The wagon mules had been turned loose, harnessed, while we were crossing the wagon and other effects; and when we drove the remuda into the river, one of the wheel mules turned back, and in spite of every man, reached the bank again.  Part of the boys hurried the others across, but McCann and I turned back after our wheeler.  We caught him without any trouble, but our attempt to lead him across failed.  In spite of all the profanity addressed personally to him, he proved a credit to his sire, and we lost ground in trying to force him into the river.  The boys across the river watched a few minutes, when all recrossed to our assistance.

“Time’s too valuable to monkey with a mule to-day,” said Priest, as he rode up; “skin off that harness.”

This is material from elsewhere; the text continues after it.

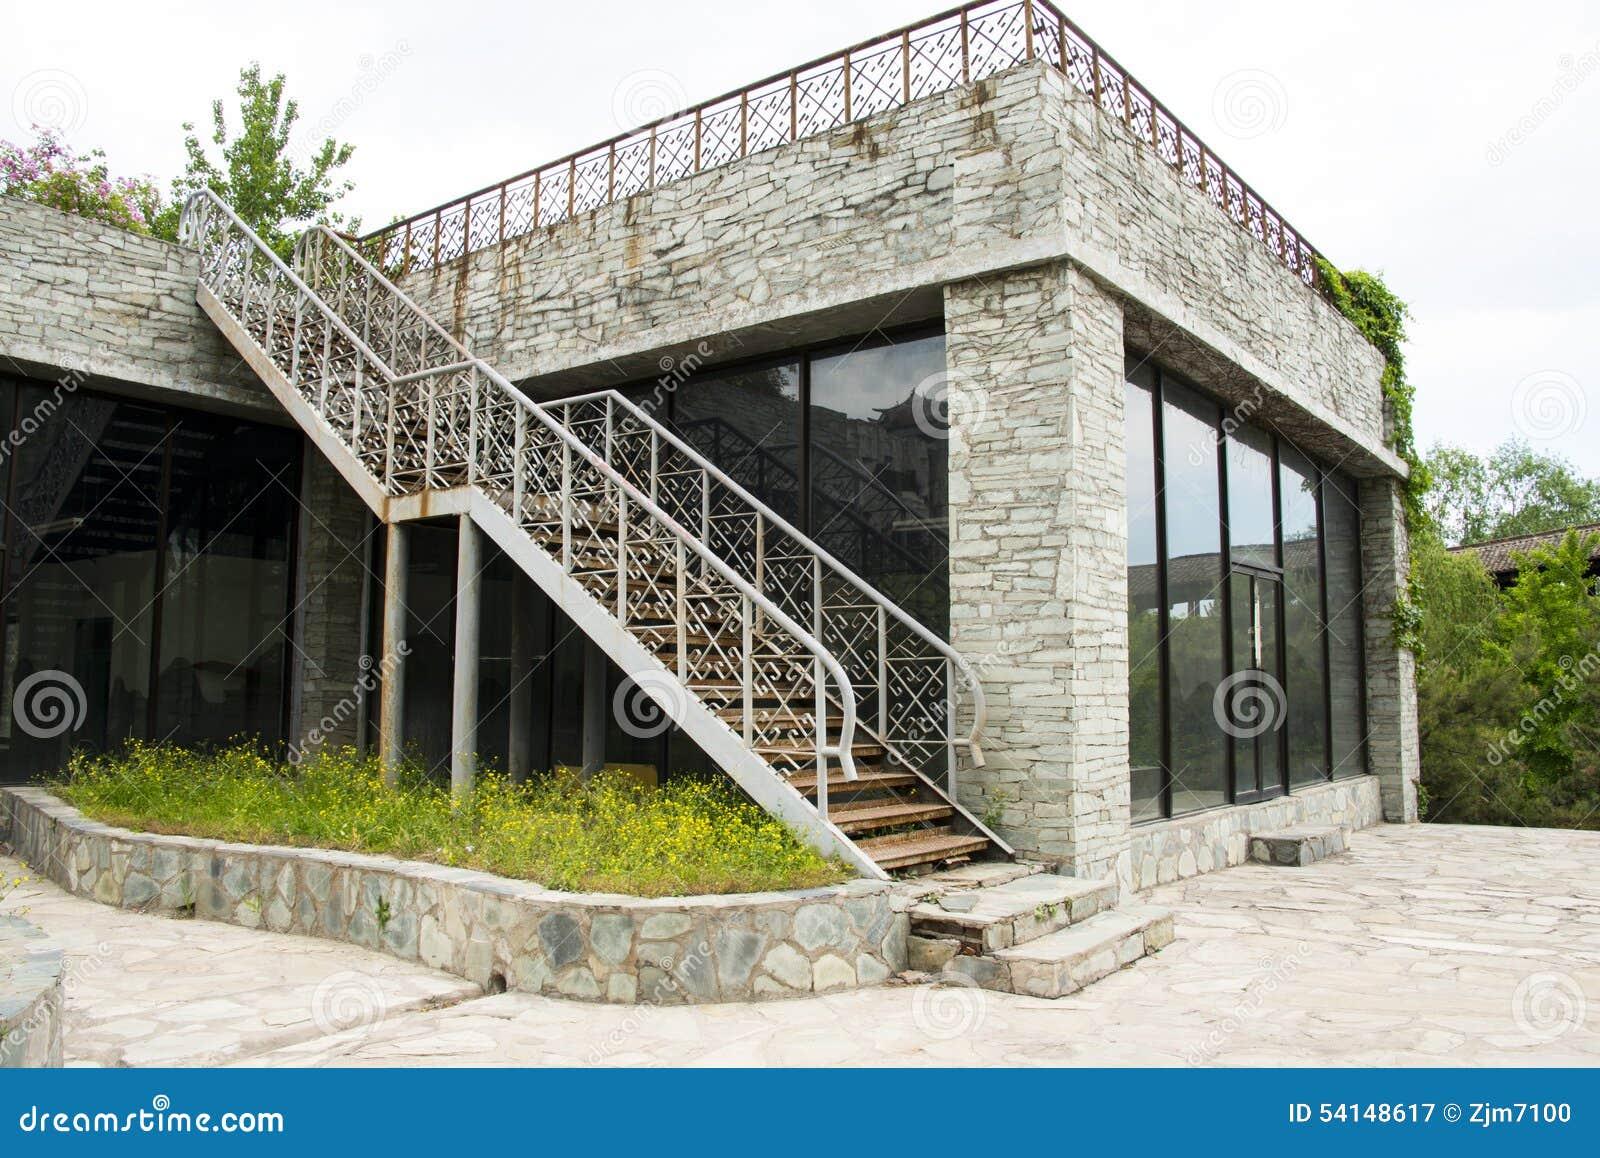 H escadas fora da casa fotografia editorial imagem for Escaleras por fuera de la casa

It was off at once, and we blindfolded and backed him up to the river bank; then taking a rope around his forelegs, we threw him, hog-tied him, and rolled him into the water.  With a rope around his forelegs and through the ring in the bridle bit, we asked no further favors, but snaked him ignominiously over to the farther side and reharnessed him into the team.

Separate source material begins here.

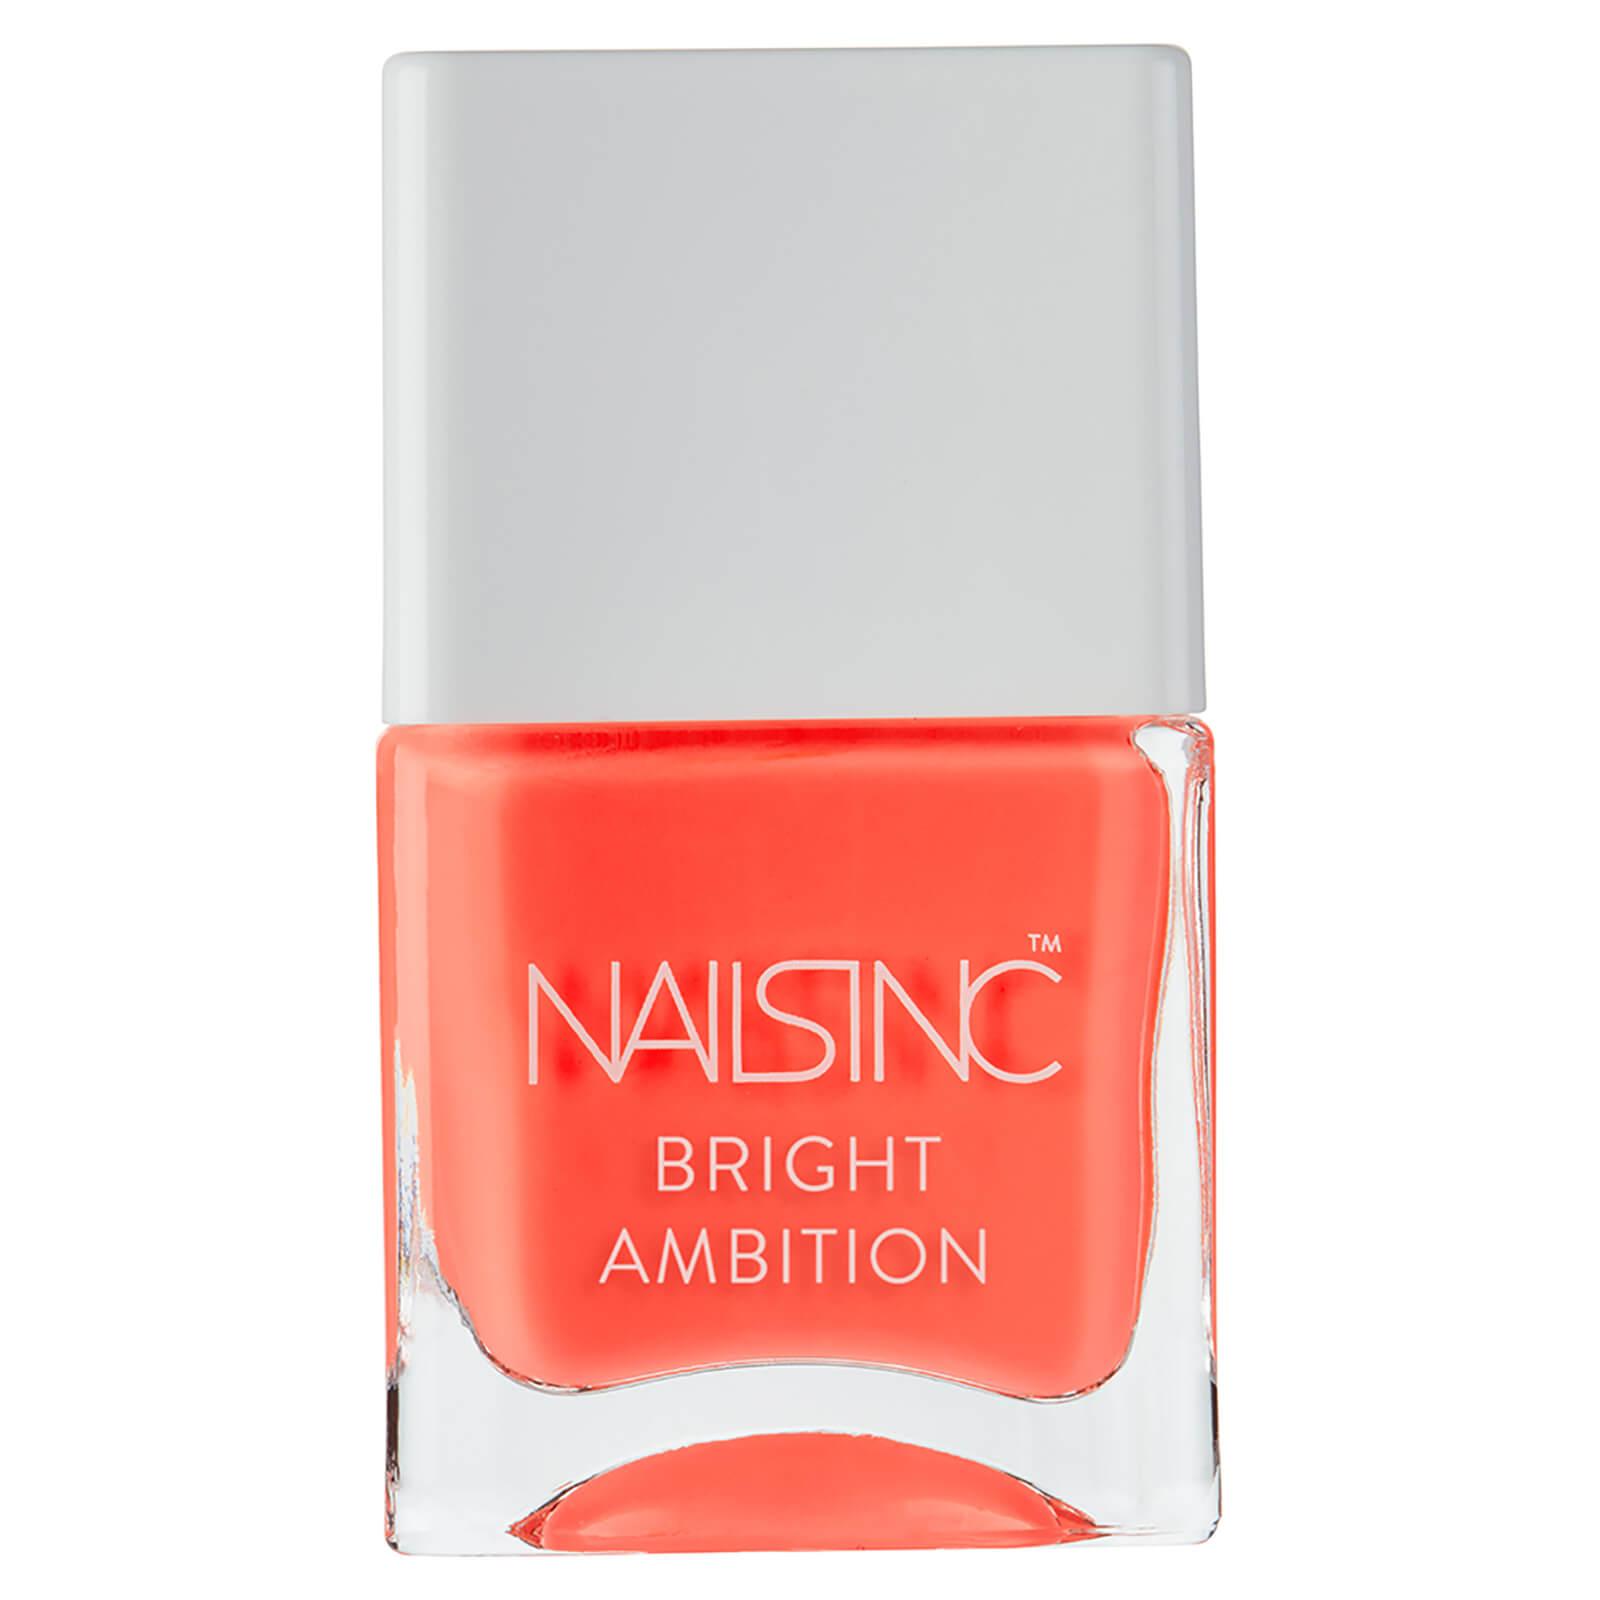 Nails Inc Bright Ambition Nail Polish Strictly 14ml Free Shipping Lookfantastic

The afternoon was more than half spent when we reached the first bogged cattle, and by the time the wagon overtook us we had several tied up and ready for the mule team to give us a lift.  The herd had been watered in the mean time and was grazing about in sight of the river, and as we occasionally drifted a freed animal out to the herd, we saw others being turned in down the river.  About an hour before sunset, Flood rode up to us and reported having cleared the island ford, while a middle outfit under Forrest was working down towards it.  During the twilight hours of evening, the wagon and saddle horses moved out to the herd and made ready to camp, but we remained until dark, and with but three horses released a number of light cows.  We were the last outfit to reach the wagon, and as Honeyman had tied up our night horses, there was nothing for us to do but eat and go to bed, to which we required no coaxing, for we all knew that early morning would find us once more working with bogged cattle.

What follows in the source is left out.